Washington’s intransigence has apparently dictated the shape of the discussions thus far. The US has opposed the inclusion of its supposed allies in Europe, who have asked to participate along similar lines as the so-called P5+1 talks that secured the nuclear deal with Iran and included the five permanent members of the UN Security Council: China, France, Russia, the United Kingdom and the United States; plus Germany.
French Foreign Minister Laurent Fabius on Wednesday called for a similar arrangement of the Syrian talks, to be “enlarged with regional partners.” Diplomatic sources added that the European position was that Iran should be included in the discussions.
Lavrov on Thursday said that Moscow also wants the talks enlarged “to ensure a maximally effective fight.” He indicated that Iran, Egypt, Jordan, Qatar and China should be added to the four countries that met in Vienna. “This quartet is clearly not enough,” Lavrov added.
Kerry and other US officials have signaled their desire to keep the negotiations closed to those “directly involved,” meaning the US, Saudi Arabia and Turkey, which have served as the principal supporters of the Islamist militias in Syria, while also carrying out air strikes against ISIS positions in the country, and Russia, which is conducting its own military intervention.
Iran, however, is also directly involved, with Iranian officials Friday announcing a stepping up of military support for the Assad government, which they classified as an advisory mission. Tehran has also announced the deaths of several Iranian commanders and soldiers in Syria.
Kerry flatly rejected Iran’s participation in the Syria talks. “There will come a time perhaps where we will talk to Iran but we are not at the moment at this point of time,” he said.

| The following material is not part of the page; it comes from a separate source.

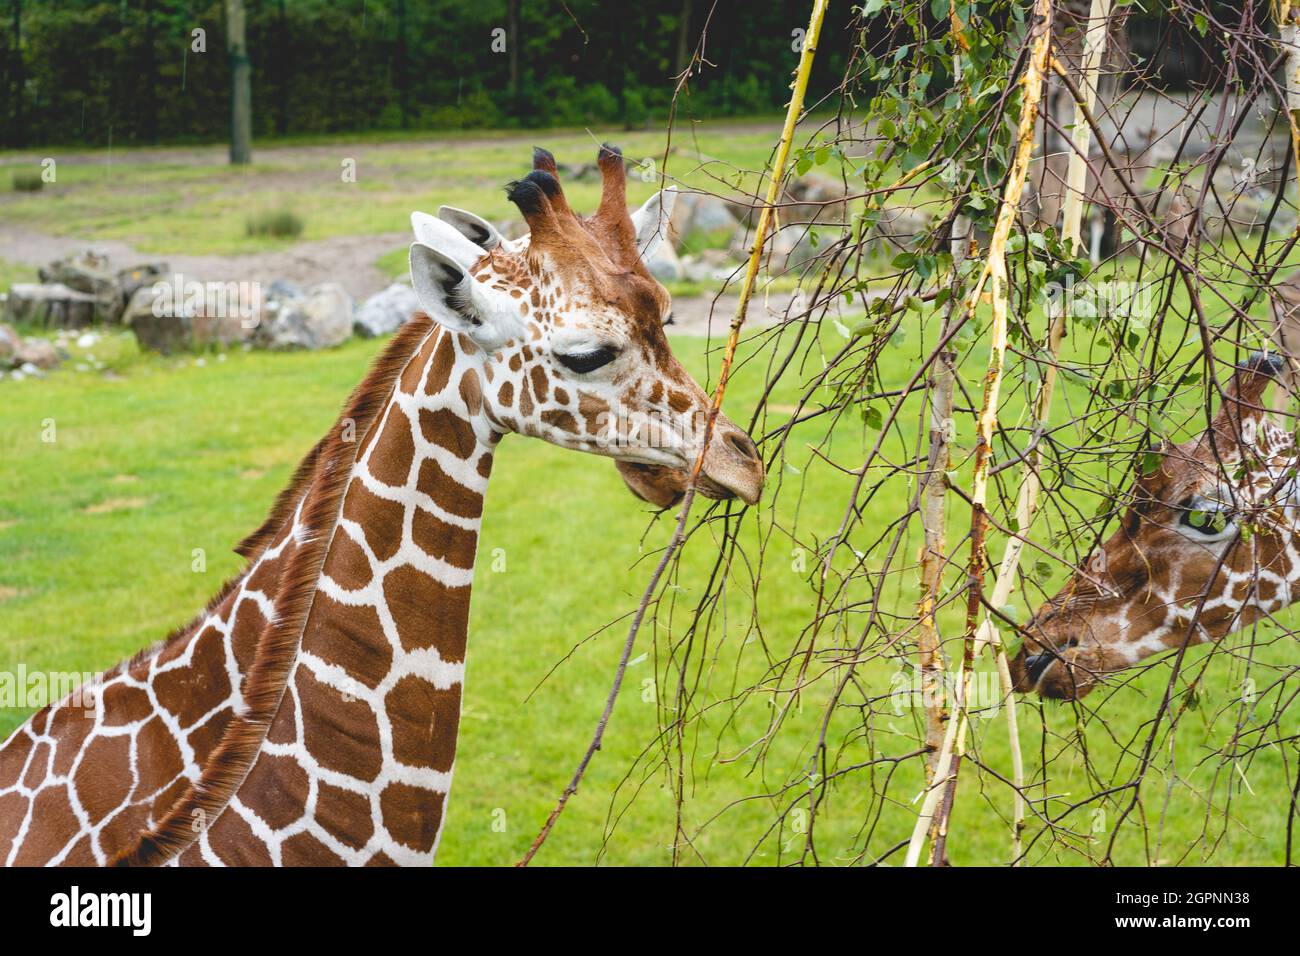 Giraf in the dutch zoo Diergaarde Blijdorp in Rotterdam. Stock Photo

Summing up the arrogance of US imperialism, he added: “If some country with whom we have differences were to participate in any kind of meeting, then it would be very quick and easy to determine whether the country is there as an obstruction or as a... participant seeking a solution.”
The New York Times Friday carried a front page story based on leaks from senior Obama administration officials indicating that Kerry and others are pushing for the US to create no-fly zones in Syria under the pretext of protecting the civilian population.
The proposal was reportedly put forward at a White House meeting on Monday in which Defense Secretary Ashton Carter pushed back with what the newspaper described as “sobering estimates of the extensive military resources required to enforce such zones” as well as a warning of an “inadvertent clash” with the Russian military if US air power is employed to control areas of the country.
The Times reported that advocates of the no-fly zone said that they believed the Pentagon had deliberately “inflated” its estimate of the costs of the operation in a bid to kill the proposal.
Meanwhile, the Pentagon this week deployed a dozen A-10 flying gunships to the Incirlik Air Base in southern Turkey, from which US warplanes have been carrying out air strikes in Syria.
The slow-flying aircraft, which are equipped with rapid-fire cannon, missiles and other ordnance is utilized to bring devastating power to the close-air support of ground forces. It is the same warplane that was used in the US attack on the Doctors Without Borders (MSF) hospital in Kunduz, Afghanistan that massacred 22 patients and medical staff.